-- DIRECTIONS FOR THIS TASK --
Copy all data exactly. Skip pictures.

-- GIVEN DATA --

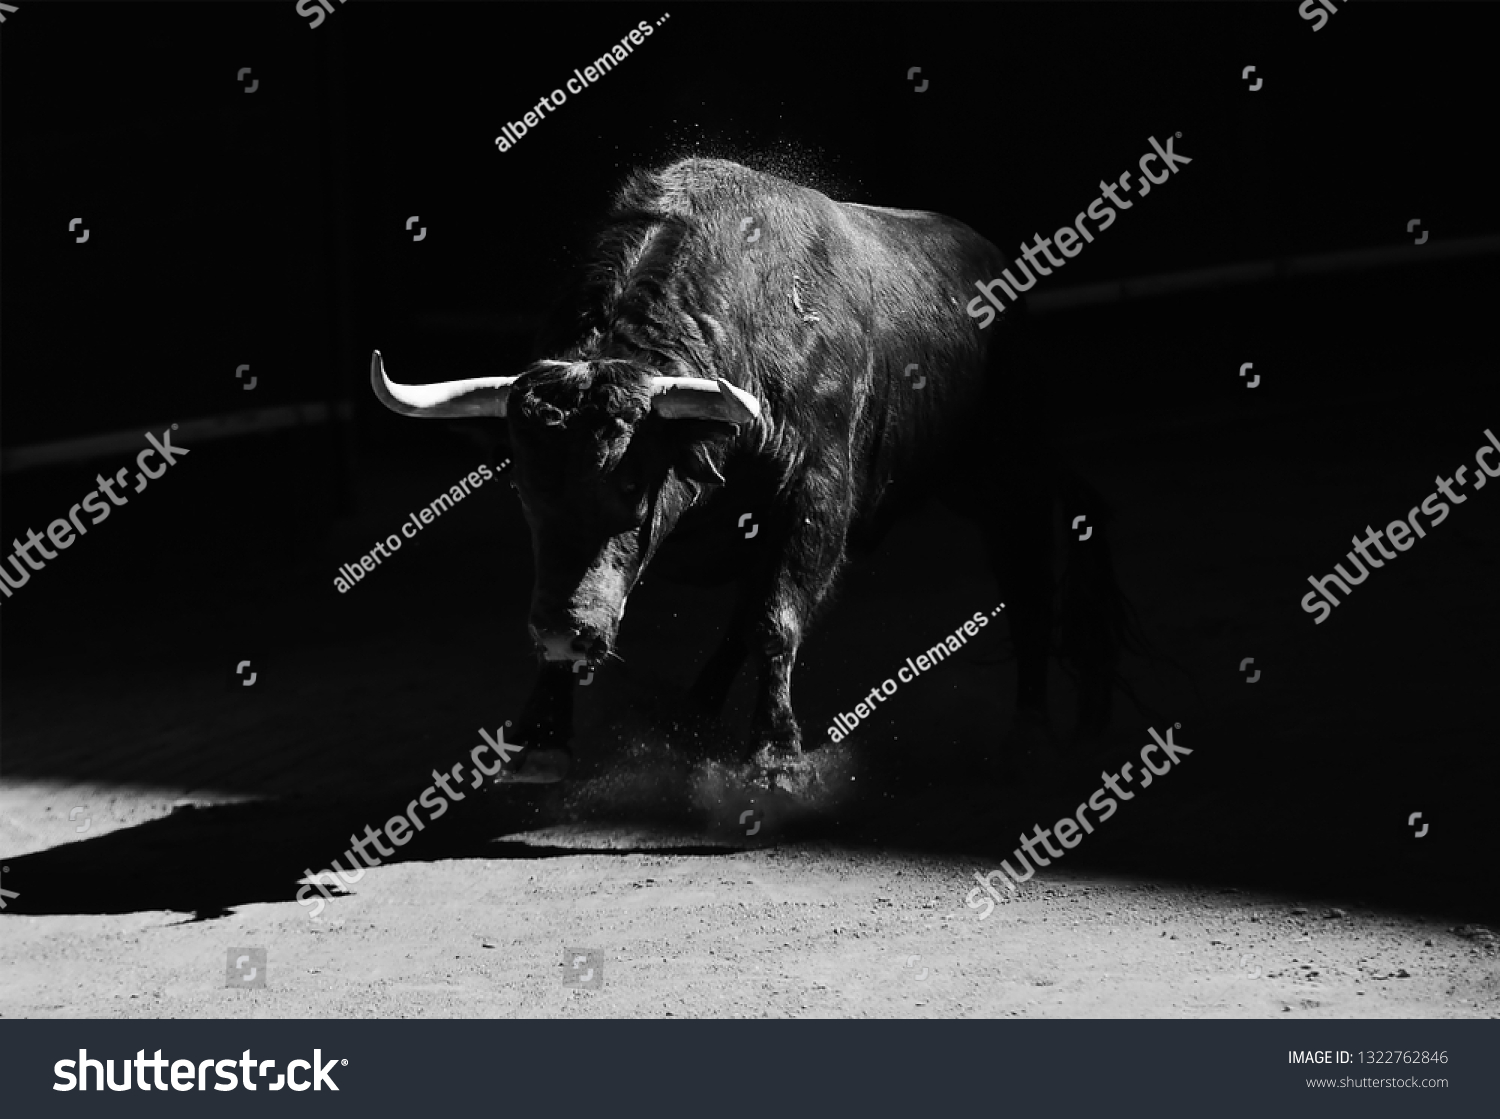 Bull in bullring on spain #1322762846
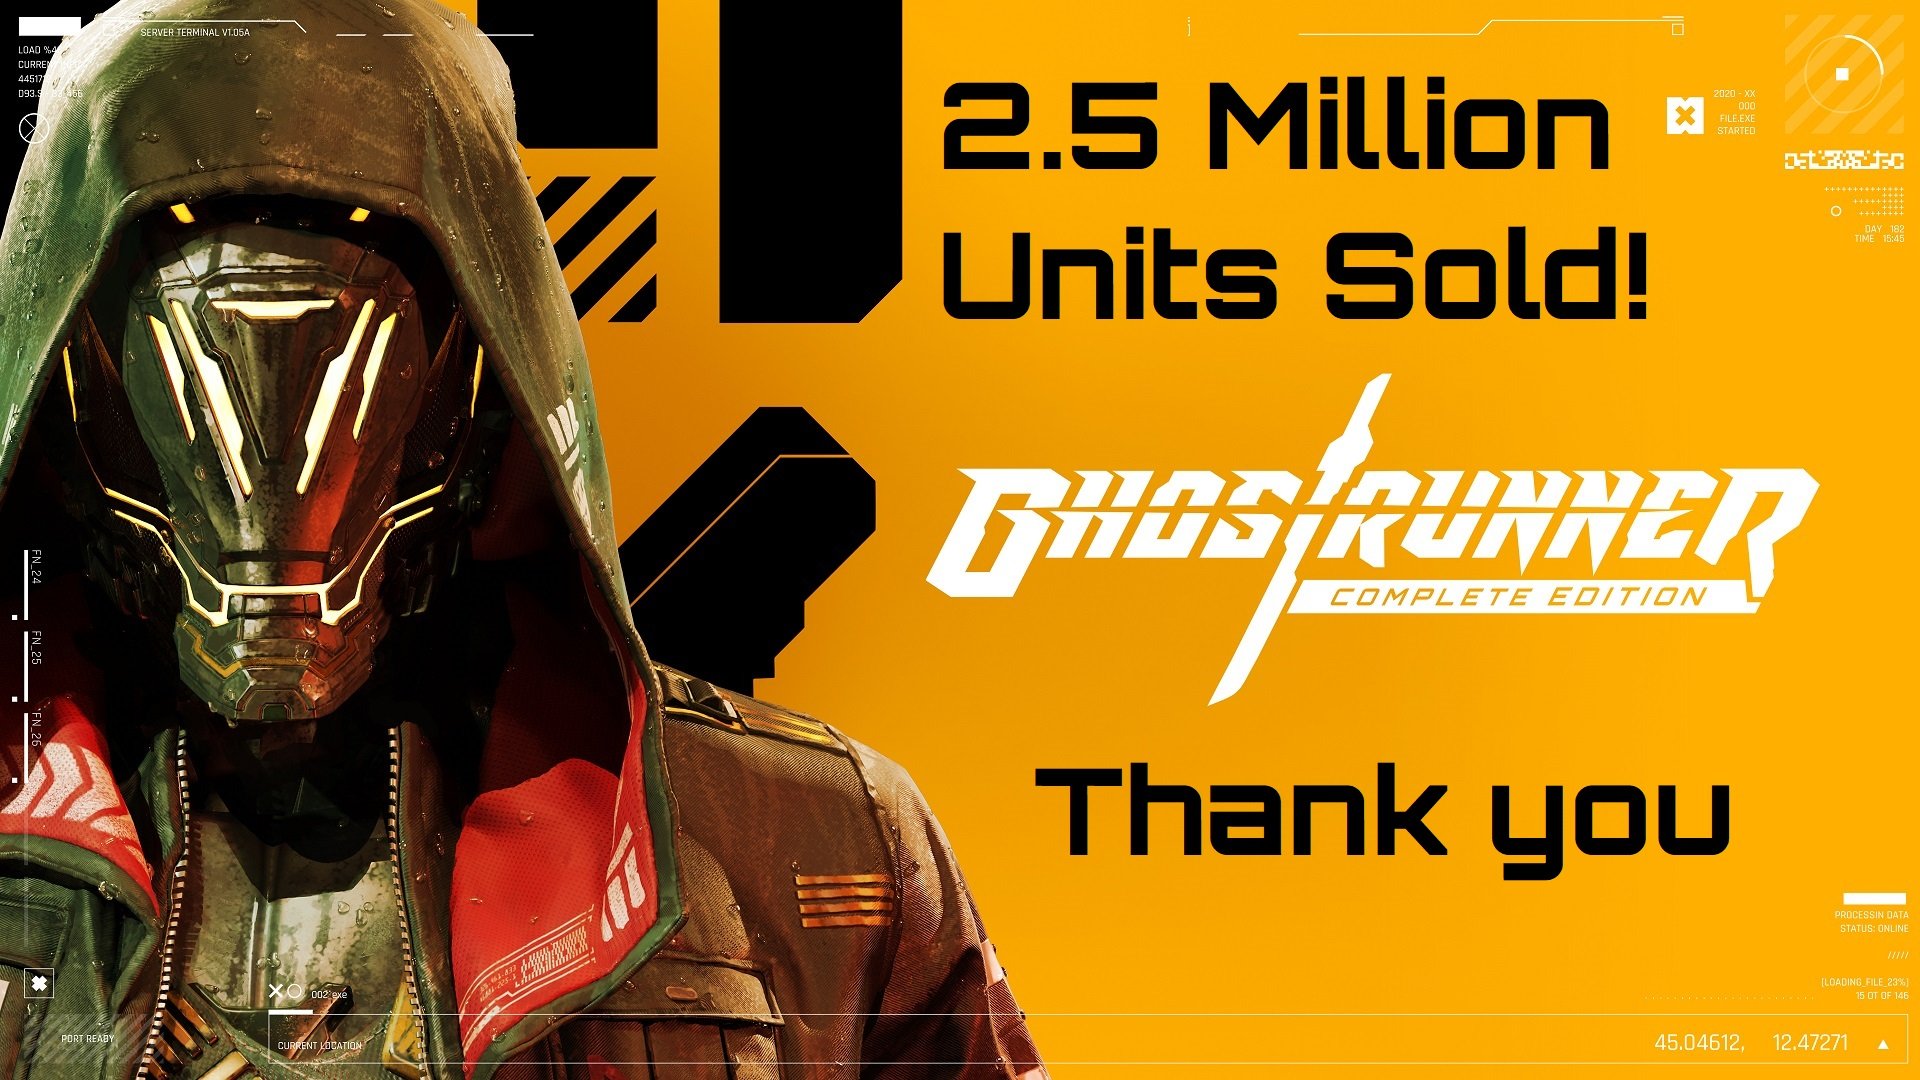 #
      Ghostrunner sales top 2.5 million

-- FINAL ANSWER --
 Bull in bullring on spain #1322762846
 #
      Ghostrunner sales top 2.5 million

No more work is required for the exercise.